Largest city and the county seat of Ionia County, Michigan, United States

Ionia (/aɪˈoʊnjə/ eye-OH-nyə) is the largest city in and the county seat of Ionia County, Michigan, United States. The population was 13,378 at the 2020 census, and was estimated at 12,265 in 2024. Every July it hosts what is said to be the world's largest free-admission fair, the Ionia Free Fair. The city is mostly within Ionia Township, with small portion extending into Easton Township and Berlin Township, but is politically autonomous of the townships. The city is named after Ionia, a historic region in Greece.

==History==
Before Euro-American migration, this was the location of an Odawa village. The leader of the Odawa here was Cobmoosa. His people planted crops here in 1833 but when Dexter and his associates arrived, they sold these crops to Dexter and relocated to the Flat River. In the 1850s, they were relocated to Oceana County.

- First Euro-American settlers in May 1833 by settlers from New York led by Samuel Dexter Jr.
- Platted in 1841
- Incorporated as a village in 1865
- Organized into a city in 1873

==Geography==
According to the United States Census Bureau, the town has a total area of 5.542 sqmi, of which 5.411 sqmi is land and 0.131 sqmi (2.36%) is water. Ionia is between Michigan's capital, Lansing, and its second largest city, Grand Rapids.

===Climate===
This climatic region is typified by large seasonal temperature differences, with warm to hot (and often humid) summers and cold (sometimes severely cold) winters. This region is also prone to dense and heavy fog, along with flooding (sometimes very damaging) due to the Grand River that flows through the city, during the spring. According to the Köppen Climate Classification system, Ionia has a humid continental climate, abbreviated "Dfb" on climate maps.

==Demographics==

Historical population
| Census | Pop. | Note | %± |
| 1850 | 774 |  | — |
| 1860 | 1,170 |  | 51.2% |
| 1870 | 2,500 |  | 113.7% |
| 1880 | 4,190 |  | 67.6% |
| 1890 | 4,482 |  | 7.0% |
| 1900 | 5,209 |  | 16.2% |
| 1910 | 5,030 |  | −3.4% |
| 1920 | 6,935 |  | 37.9% |
| 1930 | 6,562 |  | −5.4% |
| 1940 | 6,392 |  | −2.6% |
| 1950 | 6,412 |  | 0.3% |
| 1960 | 6,754 |  | 5.3% |
| 1970 | 6,361 |  | −5.8% |
| 1980 | 5,920 |  | −6.9% |
| 1990 | 5,935 |  | 0.3% |
| 2000 | 10,569 |  | 78.1% |
| 2010 | 11,394 |  | 7.8% |
| 2020 | 13,378 |  | 17.4% |
| 2024 (est.) | 12,265 |  | −8.3% |
U.S. Decennial Census 2020 Census

===2020 census===
As of the 2020 census, Ionia had a population of 13,378. The median age was 36.3 years. 13.9% of residents were under the age of 18 and 8.4% of residents were 65 years of age or older. For every 100 females there were 294.6 males, and for every 100 females age 18 and over there were 365.9 males age 18 and over.

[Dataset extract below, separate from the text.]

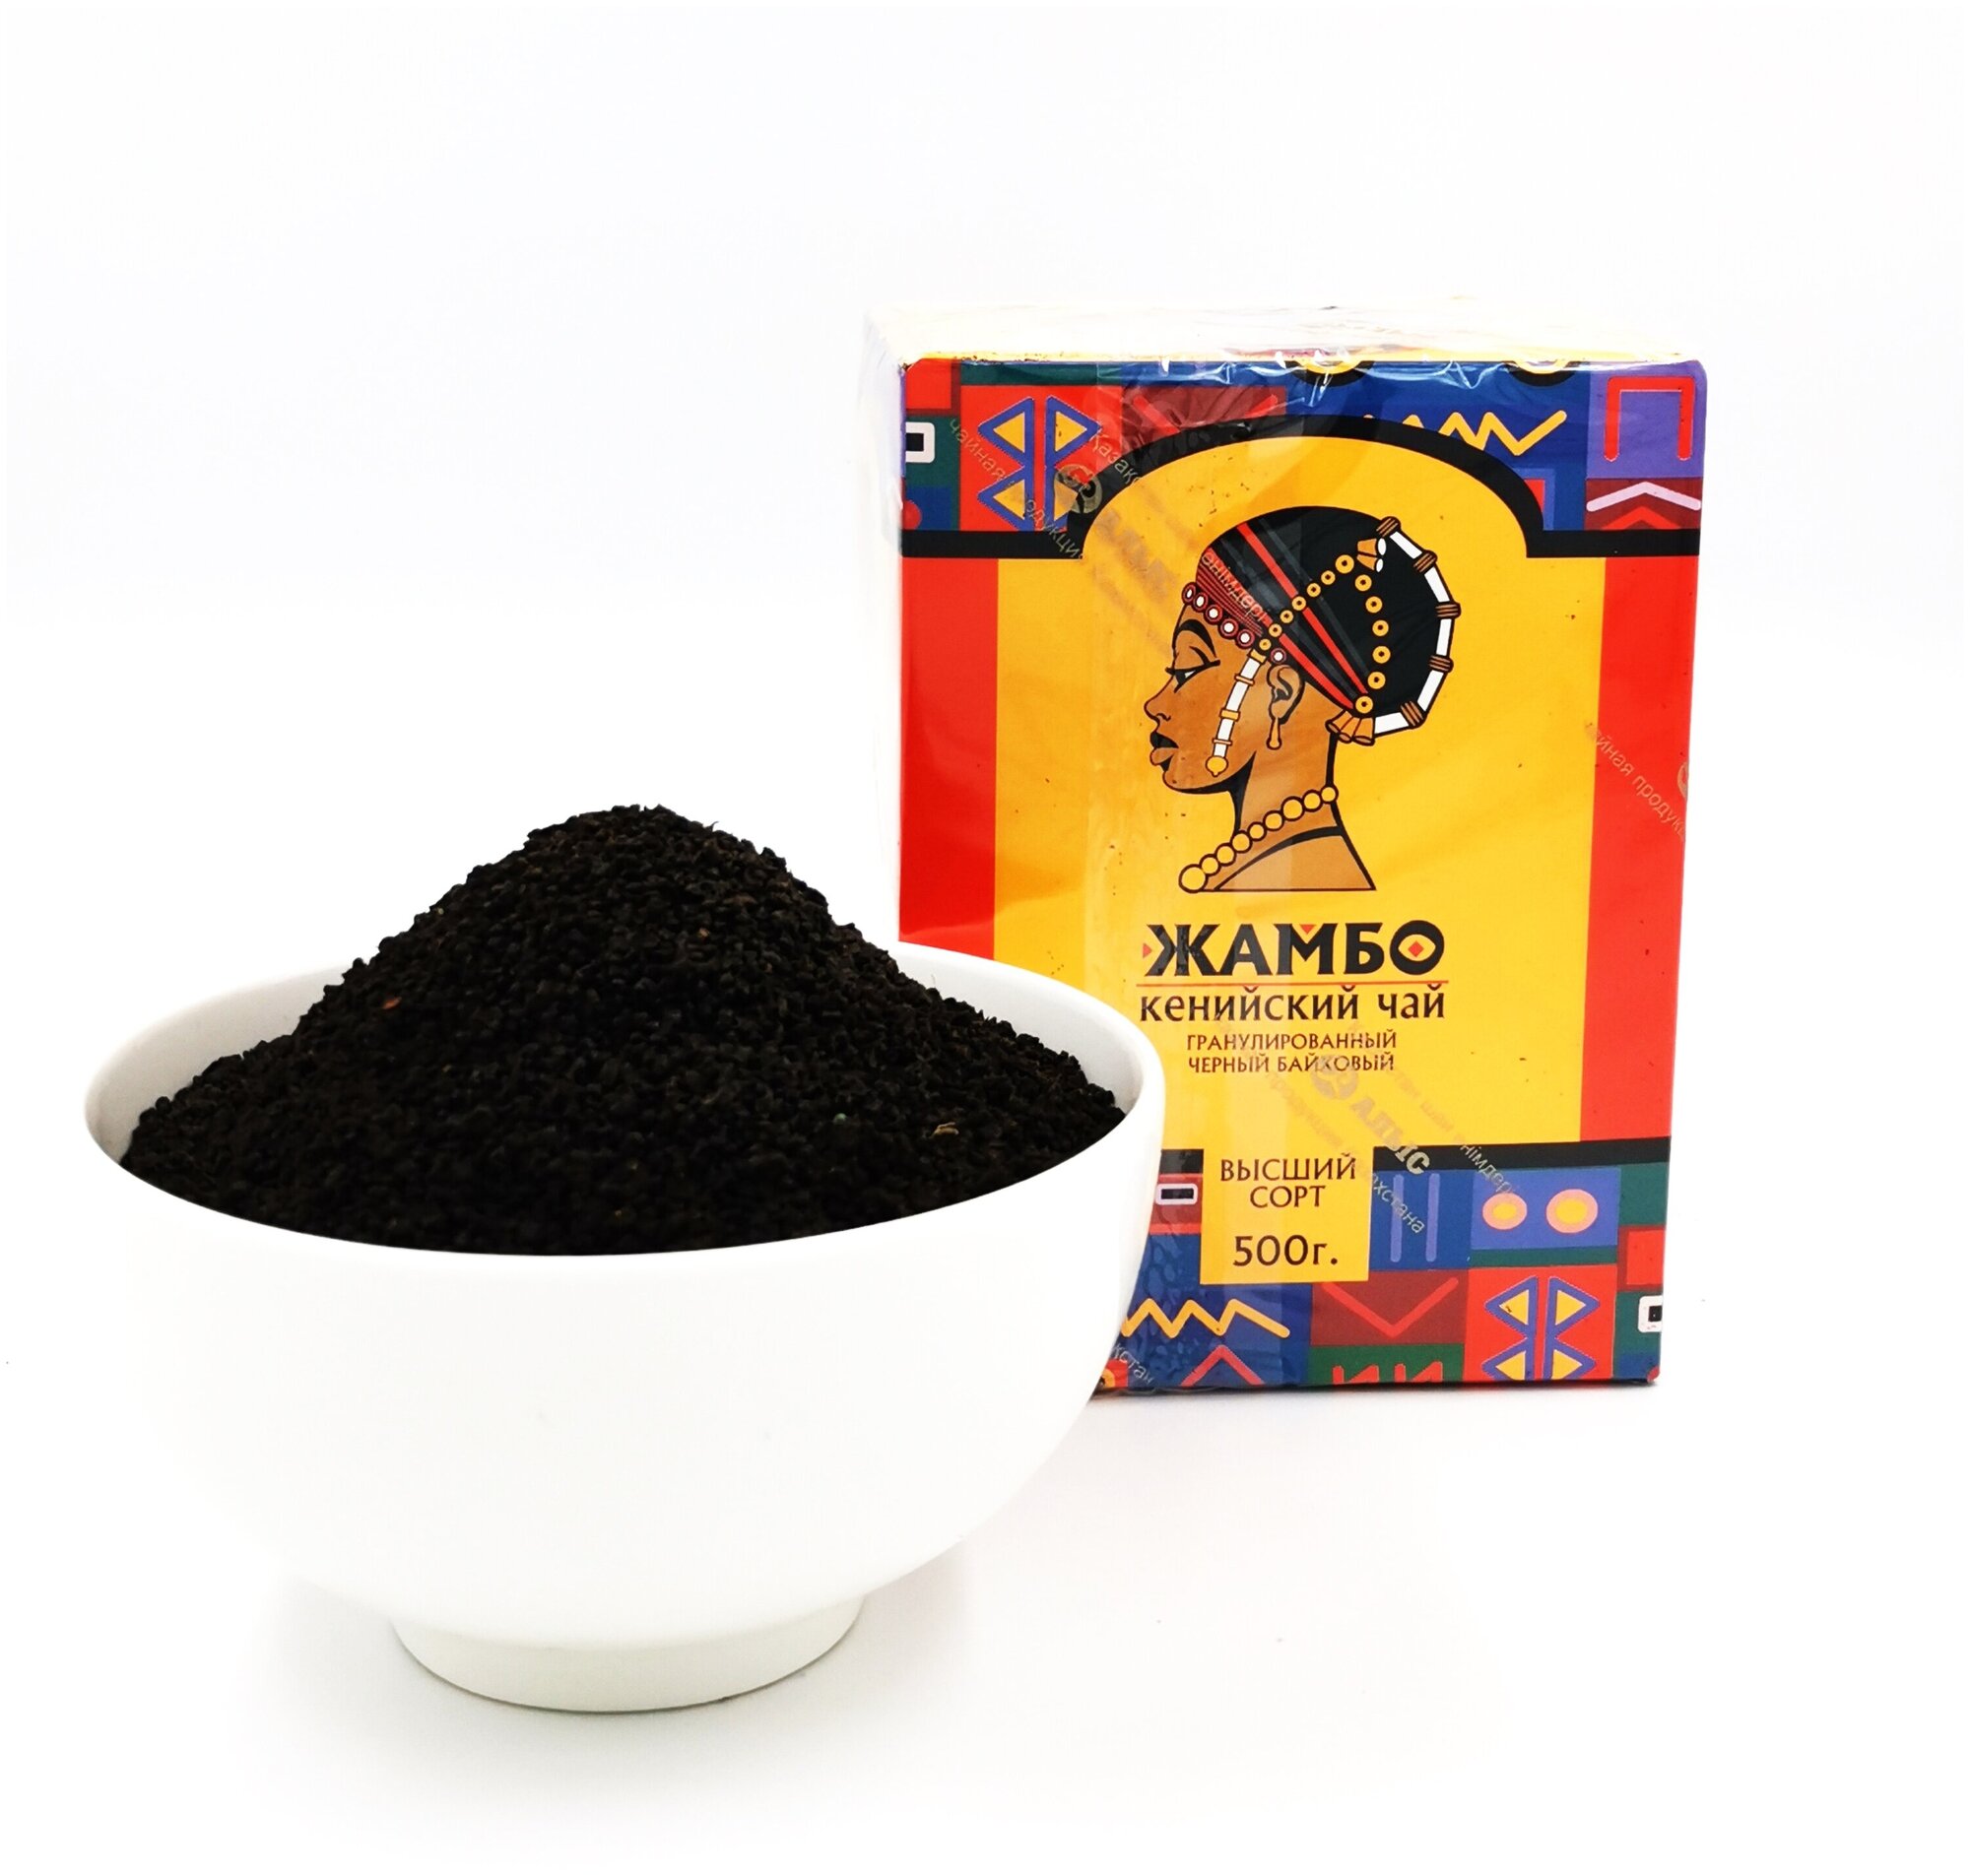 Жамбо / Чай черный рассыпной гранулированный кенийский высший сорт жамбо 500гр. - фотография № 4

98.2% of residents lived in urban areas, while 1.8% lived in rural areas.

There were 2,566 households in Ionia, of which 34.7% had children under the age of 18 living in them. Of all households, 35.3% were married-couple households, 21.7% were households with a male householder and no spouse or partner present, and 31.3% were households with a female householder and no spouse or partner present. About 32.2% of all households were made up of individuals and 12.4% had someone living alone who was 65 years of age or older.

There were 2,772 housing units, of which 7.4% were vacant. The homeowner vacancy rate was 2.8% and the rental vacancy rate was 5.3%.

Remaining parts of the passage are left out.